*** Dataset extract ***

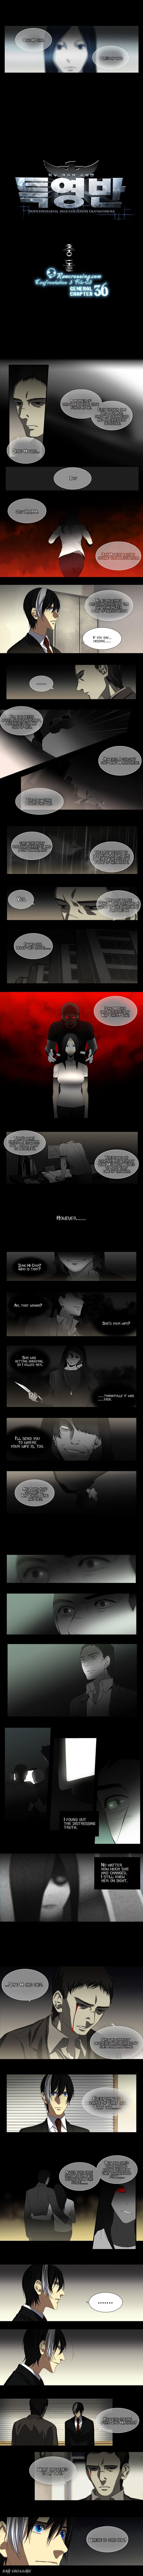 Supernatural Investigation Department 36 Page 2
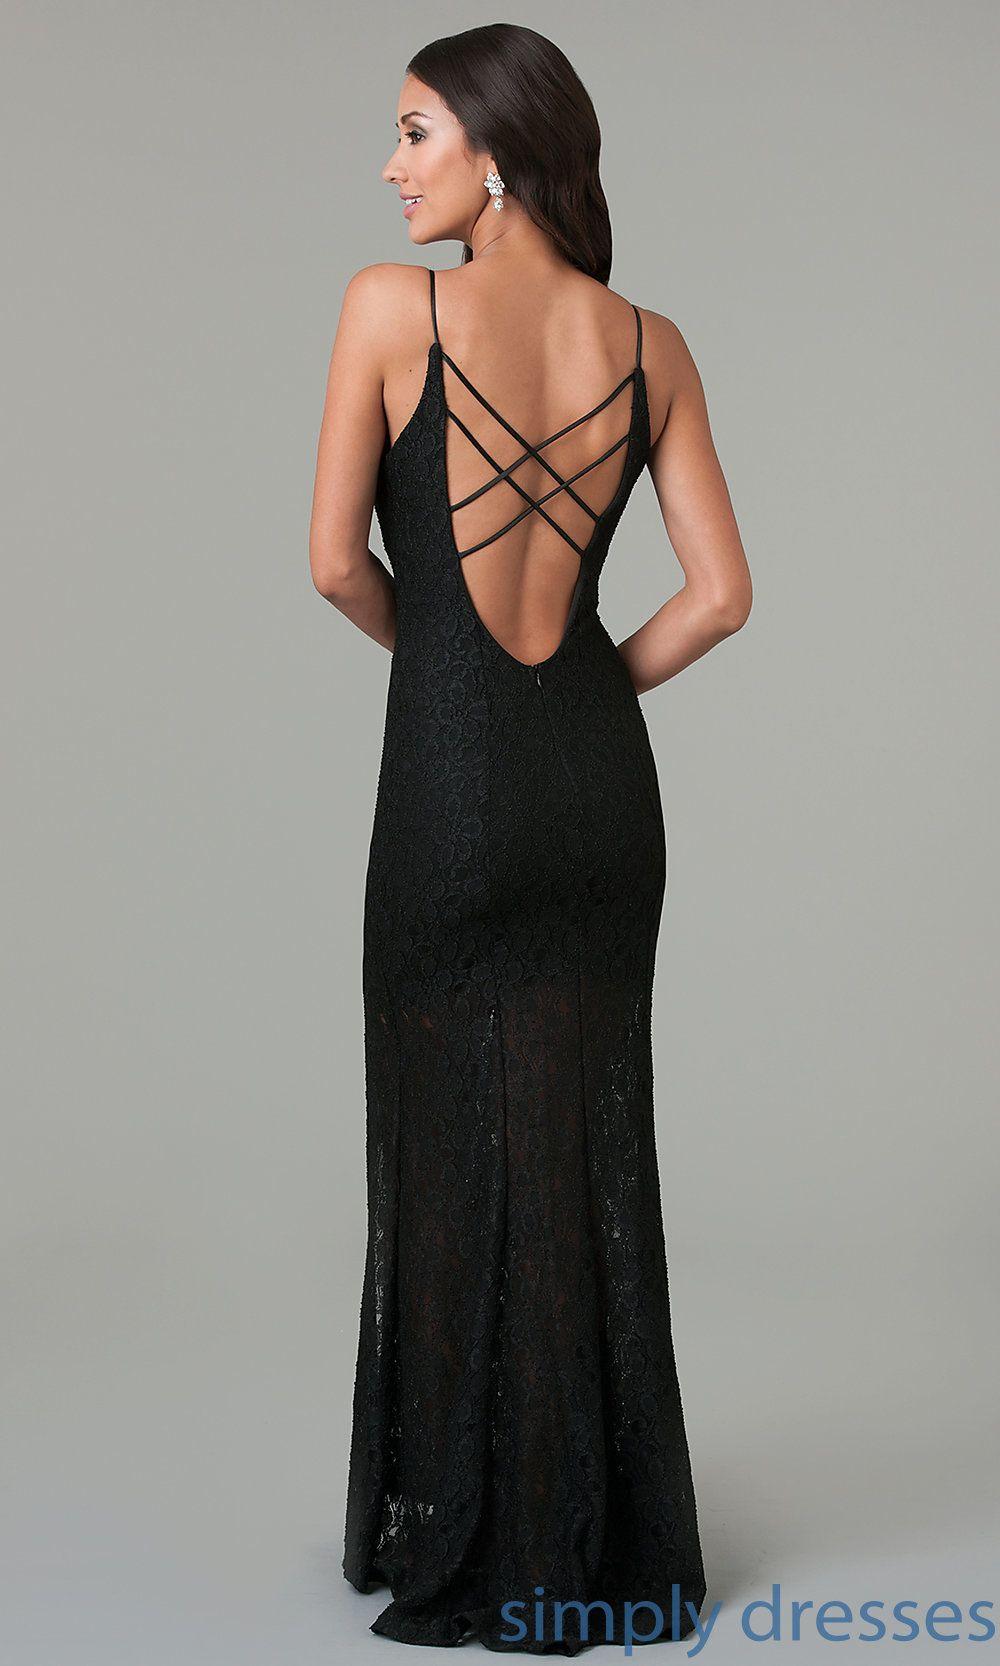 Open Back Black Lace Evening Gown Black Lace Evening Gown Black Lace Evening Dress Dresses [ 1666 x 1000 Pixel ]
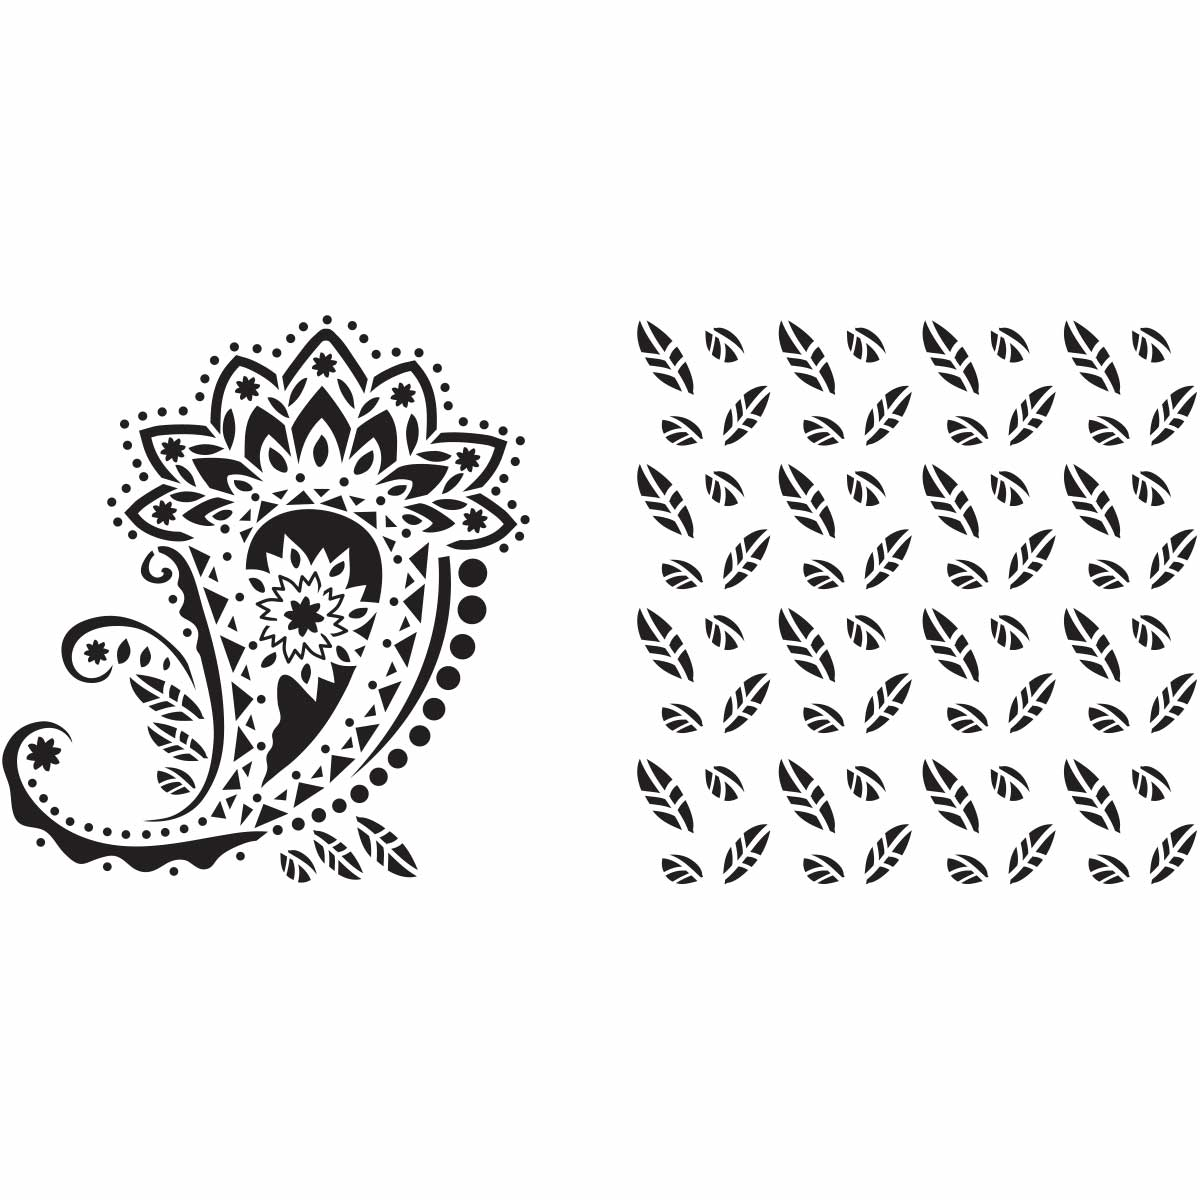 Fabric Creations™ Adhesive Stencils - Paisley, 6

*** End of Dataset extract ***

Your instructions:
A faithful copy is needed: reproduce all of the data above, leaving the pictures out.

Solution to the problem:
 Supernatural Investigation Department 36 Page 2
 Open Back Black Lace Evening Gown Black Lace Evening Gown Black Lace Evening Dress Dresses [ 1666 x 1000 Pixel ]
 Fabric Creations™ Adhesive Stencils - Paisley, 6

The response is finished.